Monday, March 29th, 2010

Sneaking into your house…  I watched you all day from afar..  When you opened the door and got into your car.  Followed you to work and so I stared for 8 hours patiently waiting for my chance to drown you.  I could talk to you, but I tried to and that fell through.  So I’ve resorted to letting you know how I feel while you fall asleep in my water.  You closed up your store inside the mall.  I waited patiently in my car with my parking lights on…  waiving to the security guard…  I smoke a cigarette as I listen to Smashing Pumpkins “Ava Adore.”   As you walk across the dimly lit parking lot in slow motion… I grin slightly and bite my bottom lip.  You crank your car and sit in it for a moment…  then you drive away…  I follow.  You stop off to pick someone up.. and it’s him…

After watching you and him drink coffee and enjoy subtle conversations and touches of the the fingers…  I head to your house and park down the street…  I sneak into the window that I left unlocked earlier in the day…  in your closet I await.  You arive home with your new aquaintance and you curl up on the mattress on the floor whispering to one another, saying that you’ve waited so long for someone like him… for moments like these… 

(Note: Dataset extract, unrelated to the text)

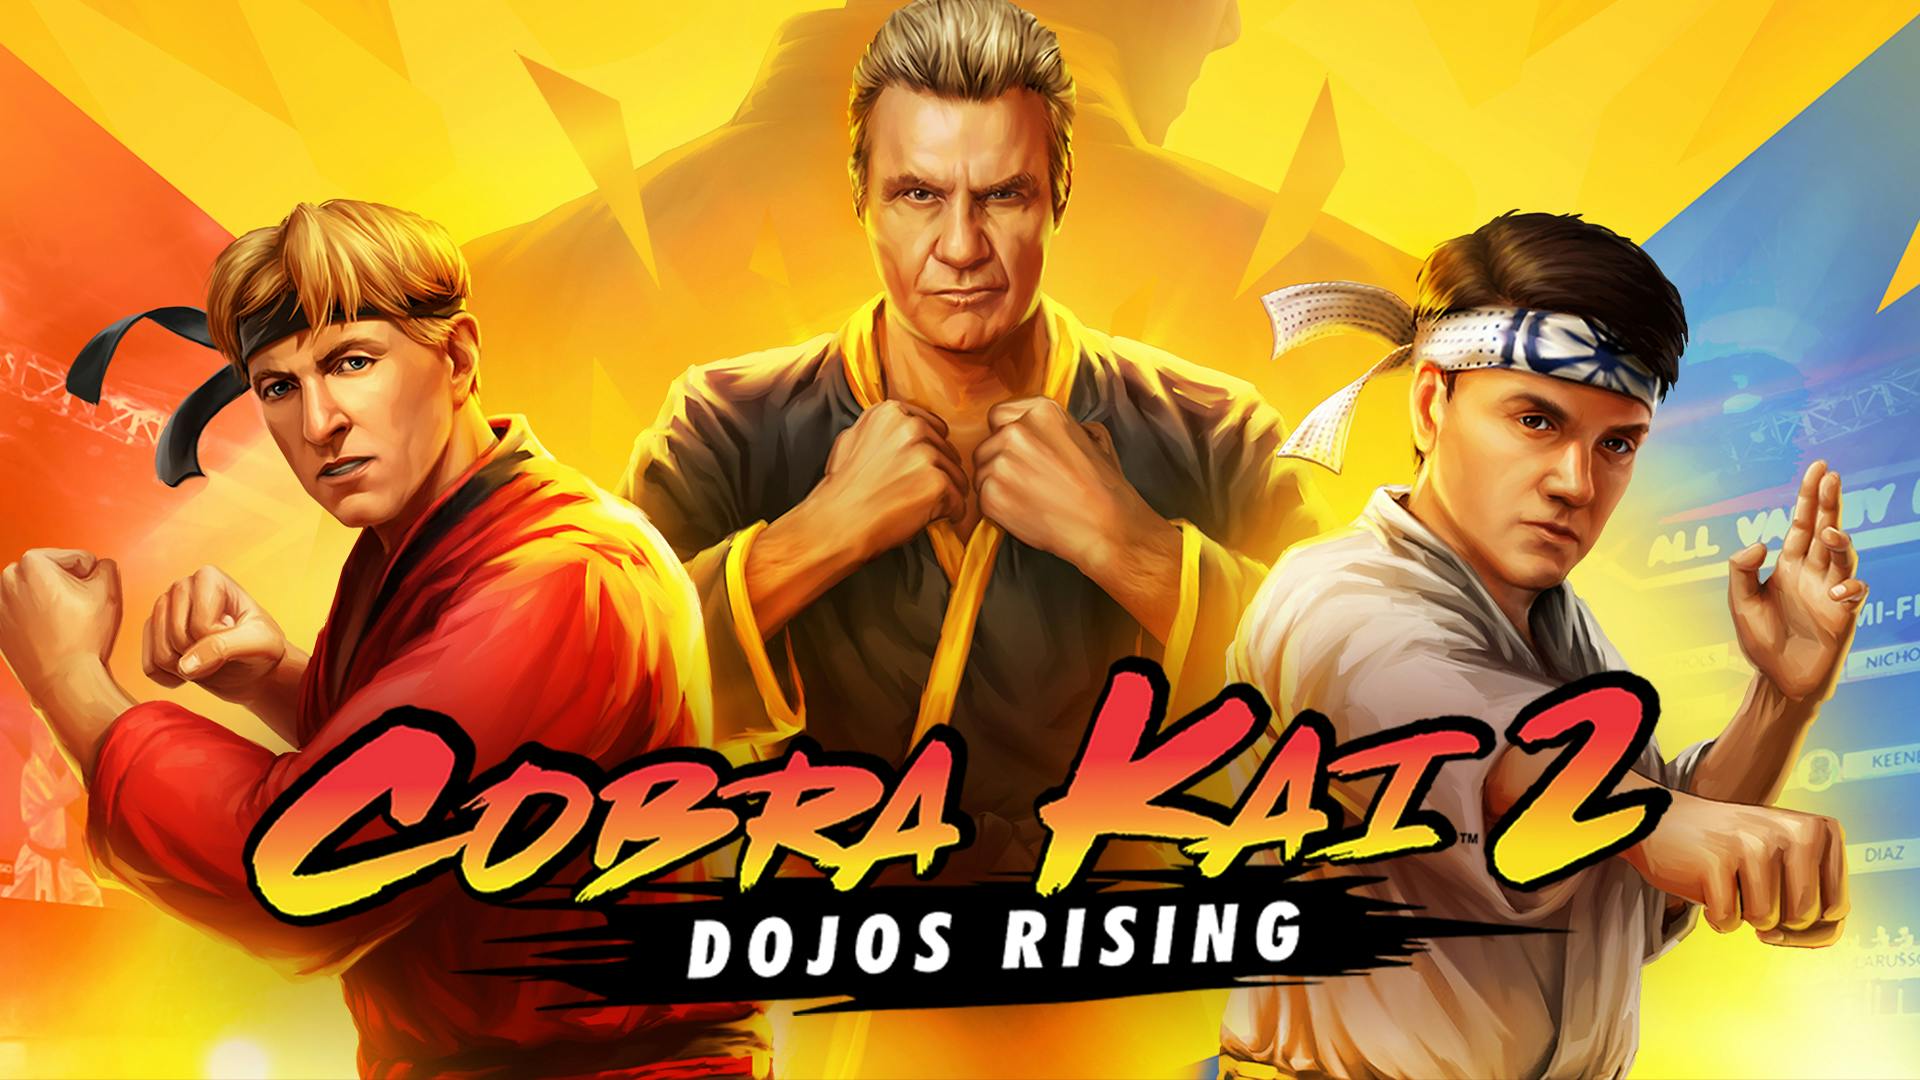 Cobra kai 2. Cobra Kai 2: Dojos Rising. Cobra Kai 2 игра.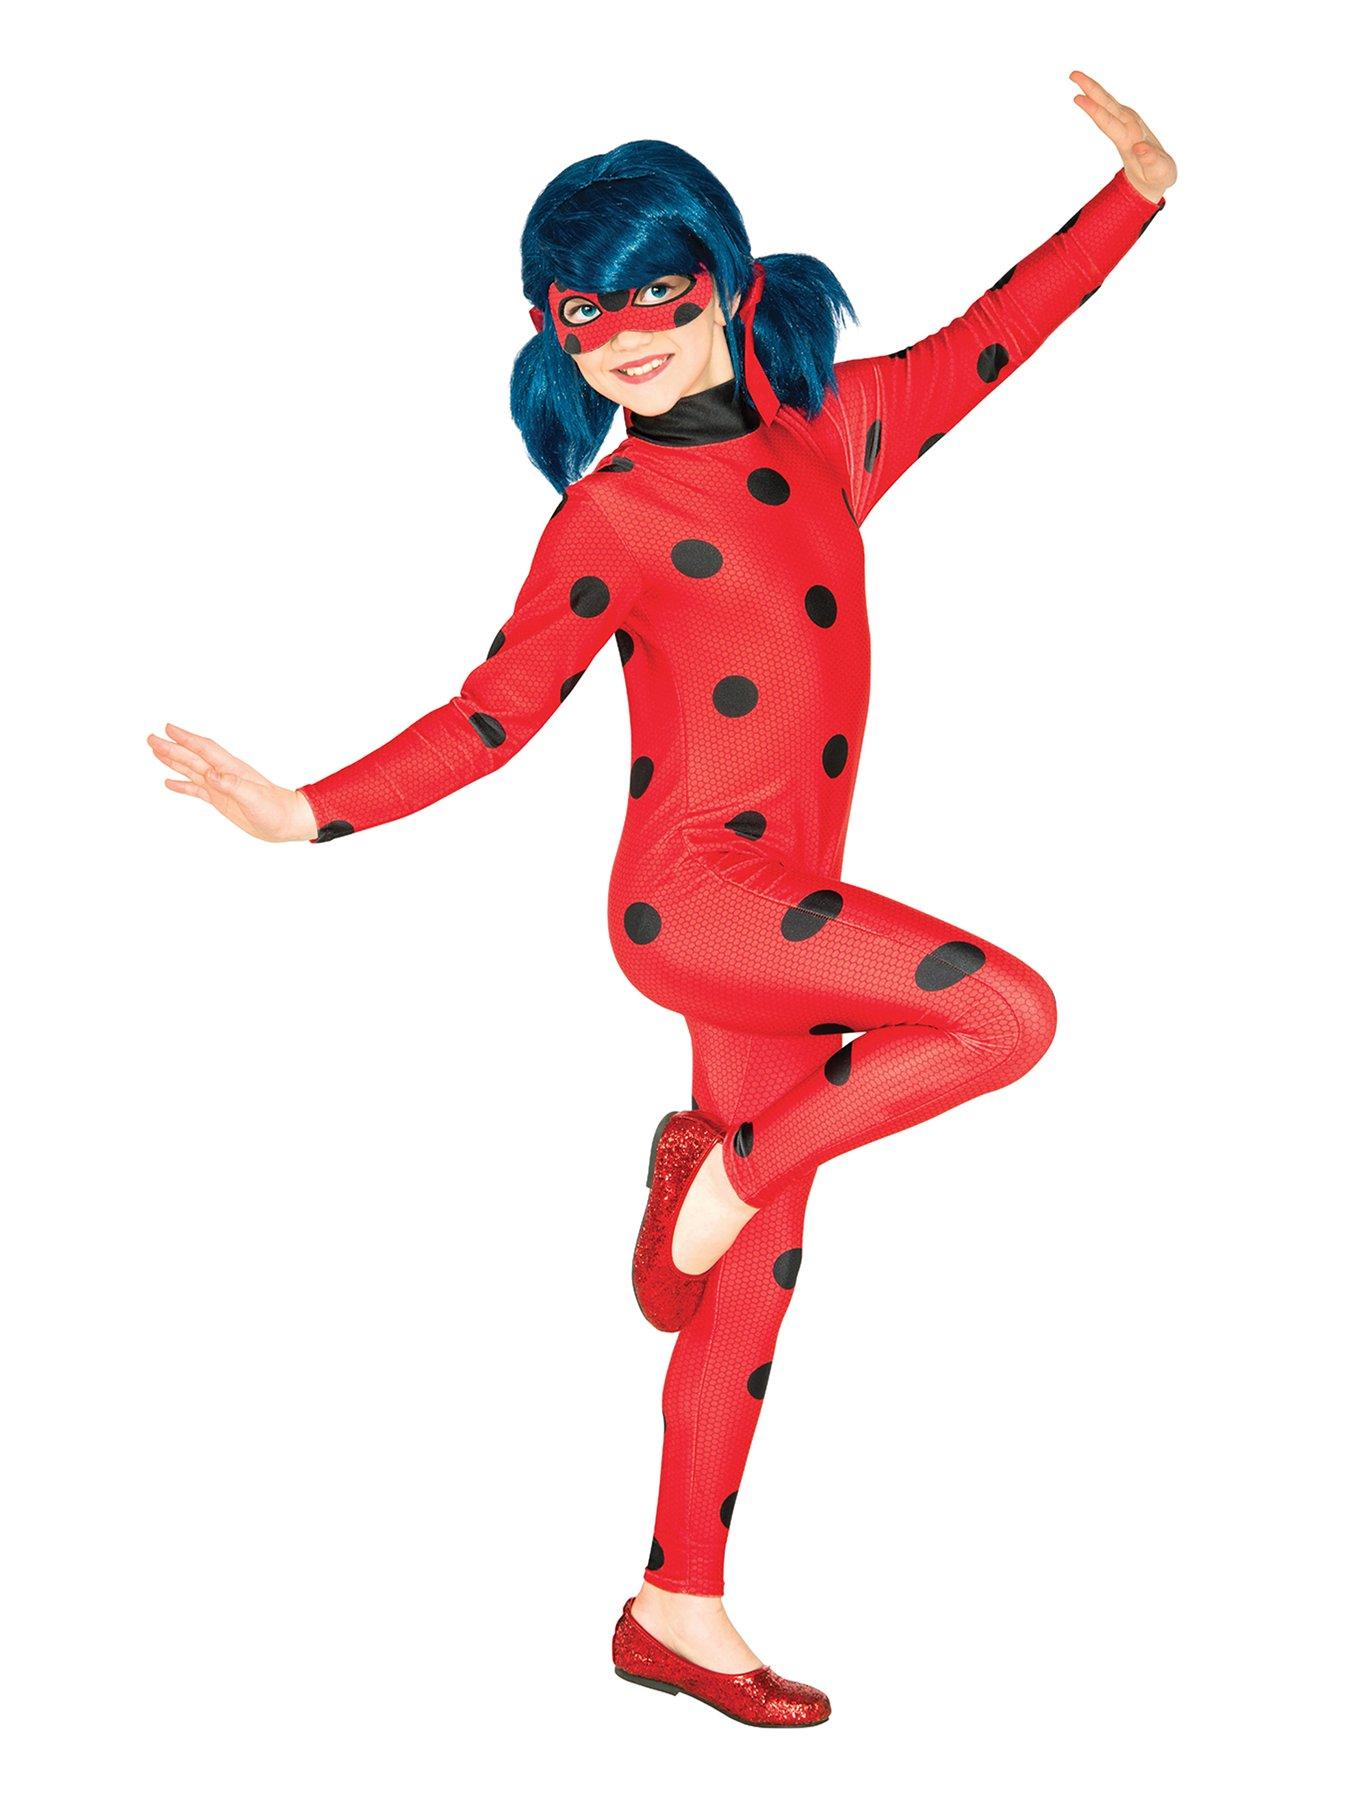 Ladybug Costume, Toddler Girl Halloween Costume, Ladybird Red Cape Costume,  Gift for Preschool Girl

I stare and take it all in…  remembering when that was me that you let in…  it builds inside and I’m not sure how much longer I can wait.  I stare at him lying there in my spot and I want him to leave this place…   The light turns out and I hear belts unbuckling and kisses exchanging… I can feel my expression somber as my heart continues breaking..  I reach from the closet to the floor to try and find keys in pants pockets…  I slide back to my hiding place after I hit the panic button.  Him being the gentleman that he is…  he goes outside to check it out..  With the door closed shut and the lights out, I undress and lay next to you and we kiss….   you pull away as you feel moisture…  “it’s time to drown my dear…”  No need to muffle her screams, my ear piercing cries silence all sounds and she drowns in the tears that she’s created in me…  I lean over her and breakdown like the saddest, most broken human being in the history of love…   Screaming and crying like a 3yr. old in pain, I screamed, “These are yours, these are yours… (as the pouring tears landed on her face) this is what you’ve done, drown in my tears and because I’m the only one!!”  People banging on the door and sirens coming down the street…  I pull away, get dressed and come to my feet.  I stare at her on the mattress naked and in disbelief…    “you’ll understand when it’s “you” that’s broken…  because there is no me…”

-Deathstoll

Monday, March 29th, 2010

 

A Fool

Monday, March 29th, 2010

Dear “the person who tainted my view on love,”

i put an unseen, willing trust in you.  I gave you my heart with no strings, just trust.  I felt secure and I felt whole.  I felt understood for the first time.  I sacrificed second-guessing, I sacrificed trust, I gave you all that I had, but it seems that wasn’t enough.  You promised me we’d do it til’ contact prevailed…  now I sit here with my head in my hands wondering, “what the hell?”  He was there, he was around and my initial thoughts were pushed away.  It happened a few times and my instincts stayed.  You told me that I was over-reacting about everything…  you told me that I had nothing to worry about, that I had your heart.  I trusted you with everything that had, you made me feel so bad for feeling those things.  You told me that he was unattractive and that if I saw him, I would know that I would have nothing to worry about…  although every-time I was on the phone with you, you two were hanging out.  We often talked about how it was messed up that people couldn’t accept a male and female “just being friends…” … that seems funny now and I guess the jokes on me.  I know you…   I truly know you and I could see where it was going with him and with us.  I put that fear out of the way as best as I could and decided to trust…   Look where that got me, it got a me a text, “i don’t know if i can do this anymore” and “ok soo I feel really uncomfortable about this but I think I might be into ****… and I think that might be good for me…”    My heart fell to pieces…  I fell to my knees.  So many thing running through my mind..   “I thought you loved me!!?”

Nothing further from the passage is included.